Monolithically integrated III-Sb based laser diodes grown on miscut Si substrates

Abstract

We report the formation and growth characteristics of an interfacial misfit (IMF) array between AlSb and Si and their application to III-Sb based quantum well (QW) light-emitting devices including edge-emitting laser diodes and vertical-cavity surface emitting lasers (VCSELs) monolithically grown on a Si (001) substrate. A III-Sb epi-structure is grown monolithically on the Si substrate via a thin (=50 nm) AlSb nucleation layer. A 13% lattice mismatch between AlSb and Si is accommodated by using the IMF array. We demonstrate monolithic VCSELs grown on Si(001) substrates operating under room-temperature with optically-pumped conditions.
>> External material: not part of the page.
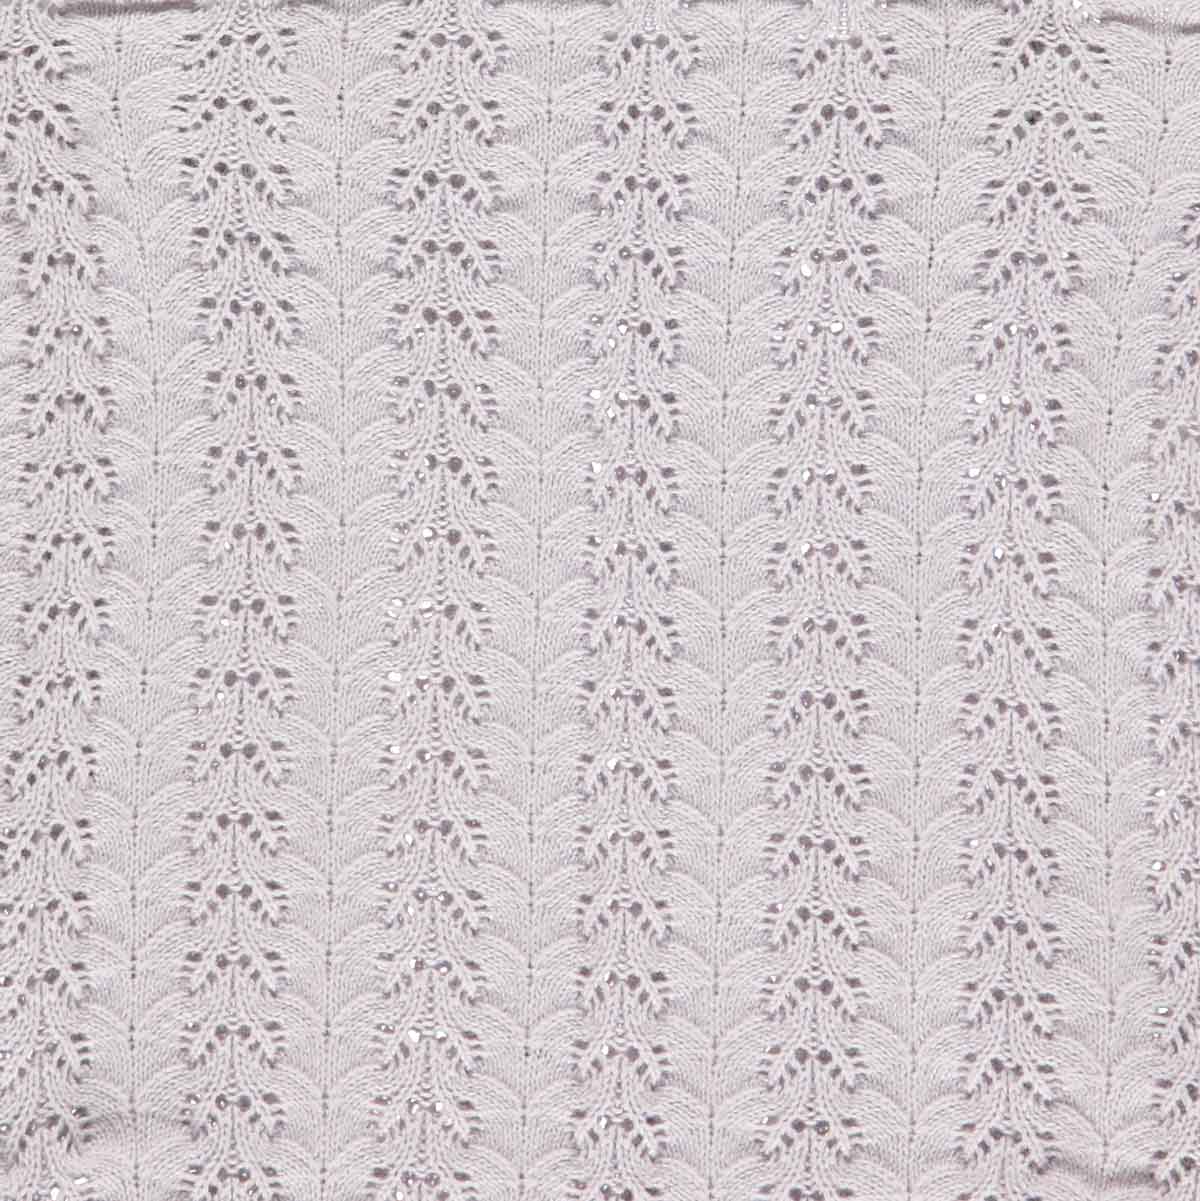 MAMA.LICIOUS müsli Knit romper -Soft Lilac - 1583044200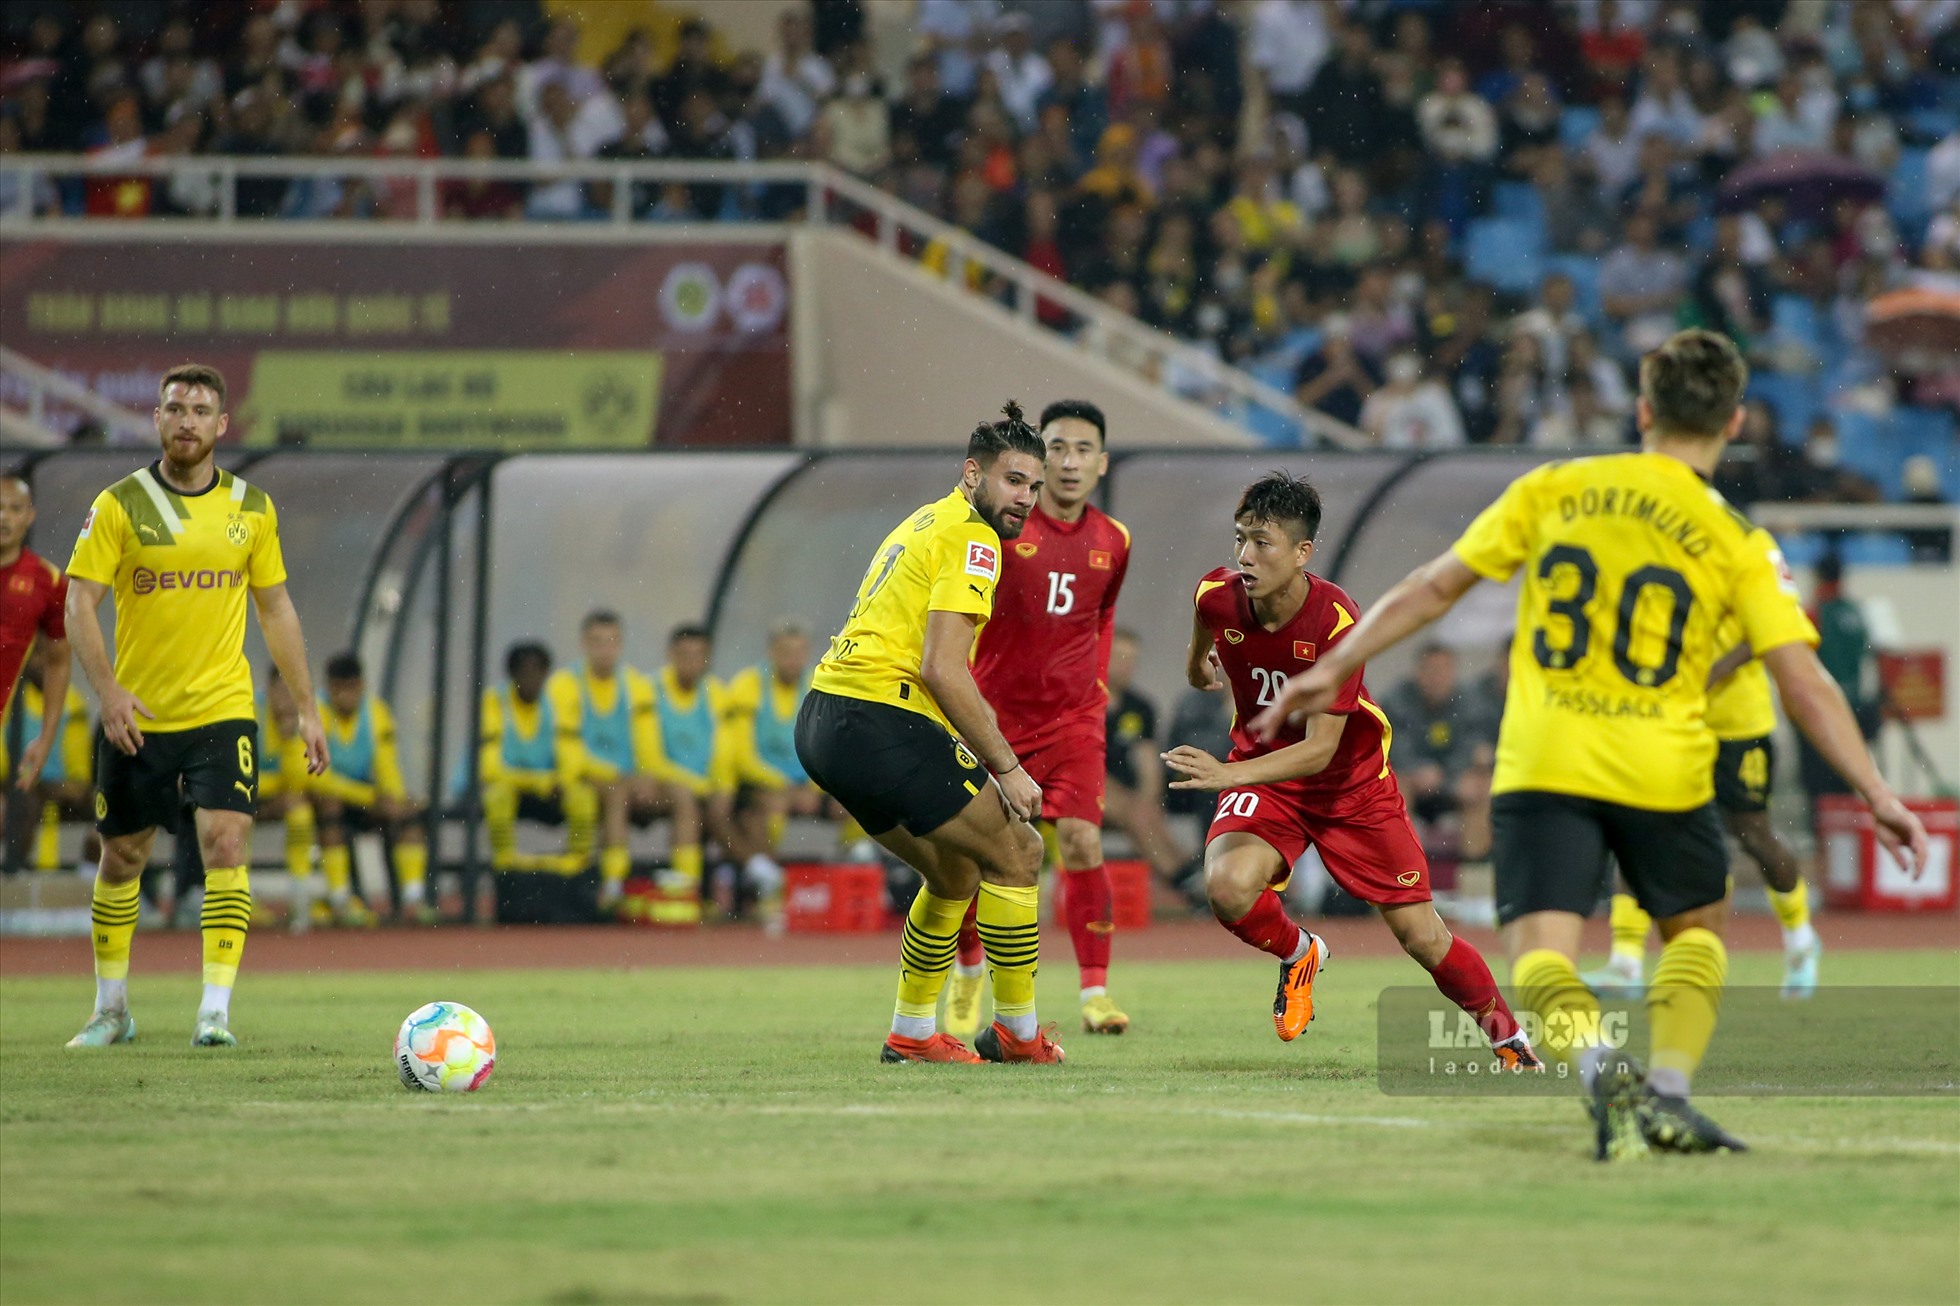 Tuyển Việt Nam cũng không chịu kém cạnh trước đội bóng đến từ Châu Âu và có bàn thắng gỡ hoà ngay trong hiệp 1.

A 3-mm pump spot size results in peak threshold excitation density of I th = 0.1 mJ/cm 2 and a multimode lasing spectrum peak at 1.62 μm. Moreover, broad-area edge-emitters consisting of GaSb/AlGaSb QWs are demonstrated under pulsed conditions at 77K with a threshold current density of ≅2 kA/cm 2 and a maximum peak output power of =20 mW for a 1 mm-long device. A use of 5° miscut Si substrates enables both IMF formation and suppression of an anti-phase domain, resulting in a drastic suppression of dislocation density over the III-Sb epi-layer and realization of electrically-injected laser diodes operating at 77 K. The current-voltage (I-V) characteristics indicate a diode turn-on of 0.7 V, which is consistent with a theoretical built-in potential of the laser diode. This device is characterized by a 9.1 Q forward resistance and a leakage current density of 0.7 A/cm 2 at -5 V and 46.9 A/cm 2 at -15 V. This IMF technique will enable the realization of III-Sb based electrically-injected VCSELs operating at the fiber-optic communication wavelength monolithically grown on a Si platform.